Humans are normally aware of their motivation, such as during athletic training or studying for an exam. Can motivation also be unconscious, such that a person is unable to report the goals or rewards that drive a particular behavior? Pessiglione et al. (p. 904, published online 12 April) developed an incentive force task using either one penny or one pound as a reward. The coins were displayed at different durations so that they were either consciously or subliminally perceived. Using functional magnetic resonance imaging and measuring a range of other physiological parameters, the authors found that even when the subjects were not consciously aware of the size of the reward, they nonetheless exerted more force in association with higher stakes.

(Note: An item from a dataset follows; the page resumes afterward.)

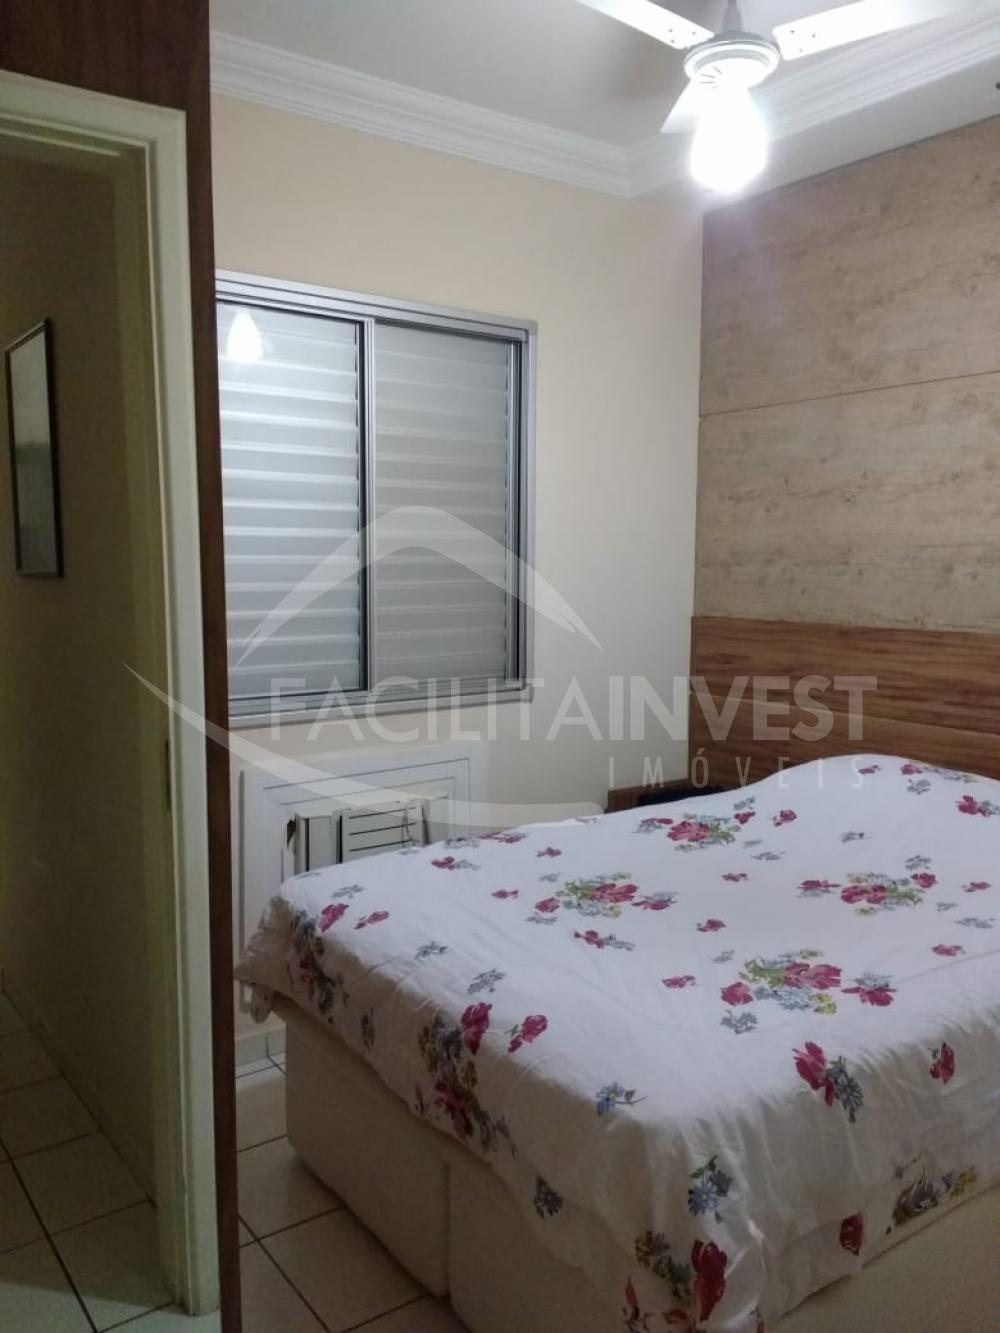 Comprar Apartamentos / Apart. Padrão em Ribeirão Preto apenas R$ 240.000,00 - Foto 12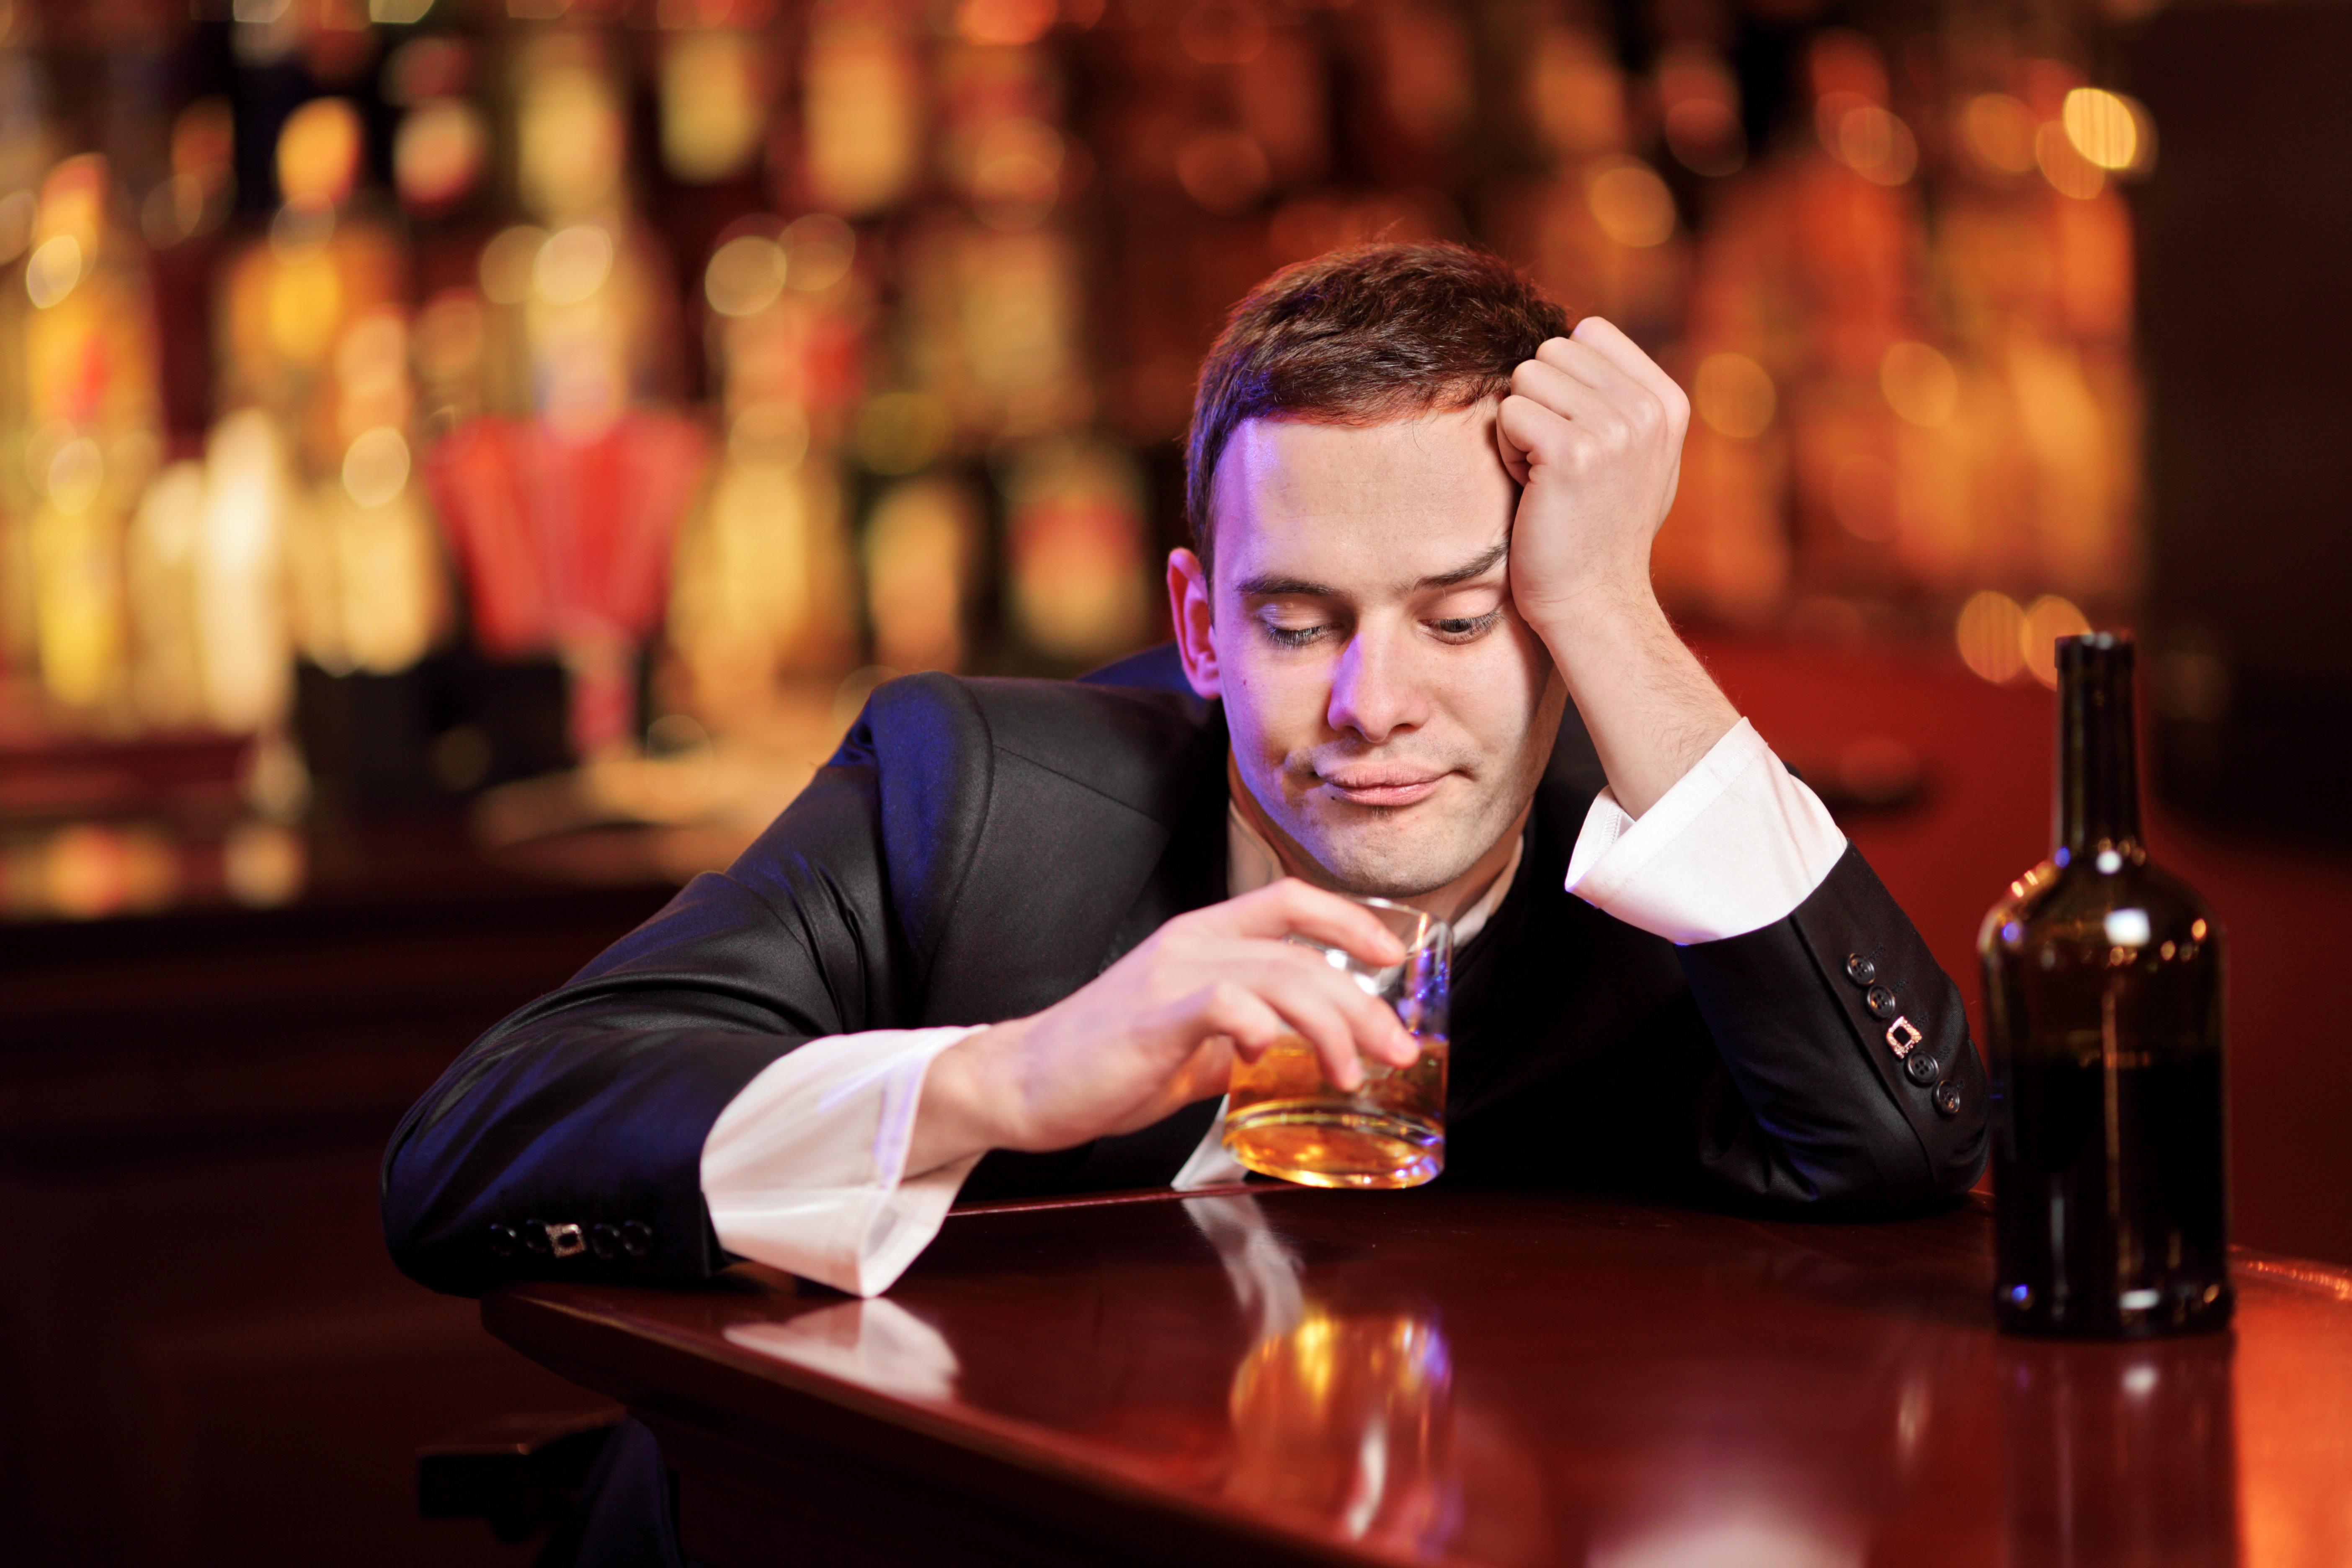 läkemedel mot alkoholism

Many geological processes are at work in subduction zones, where a surface plate descends below another into the underlying mantle. Detailed seismic imaging of the Tonga subduction zone by Zheng et al. (p. 855, published online 12 April) reveals the presence of numerous impedance layers in the wedge above the subducted slab. An extensive wedge volume was illuminated by P- and S-wave signals from deep earthquakes in the slab, and nine laterally continuous reflectors were spotted. The layers may be the result of extensive mineral transitions within the wedge that occur in response to uprising fluids.
Taking Apart a Piece of the Clock
In most cells, interlocked feedback loops of RNA transcription and protein translation form an ~24-hour clock that controls biological processes. Many of the molecular components of this clock in mammals are known, including the interacting proteins Clock and Bmal and the positive regulators Cry (cryptochrome) and Per (period). In a screen of mutagenized mice for abnormal circadian regulation, Godinho et al. (p. 897; published online April 26) identified a mutation in a previously unknown clock component that caused a longer circadian period. The gene codes for Fbxl3, an F-box protein with leucine-rich repeats that would be predicted to be involved in protein degradation. In another, independent screen for proteins that bind to Fbxl3, Busino et al. (p. 900; published online April 26) show that Cry, an essential circadian clock component, is a major target for Fbxl3, and requires Fbxl3 for proper degradation in cells. Thus, the F-box protein Fbxl3 is required for normal circadian clock function and is responsible for cyclic degradation of the clock component Cry, a step that determines the length of the circadian period.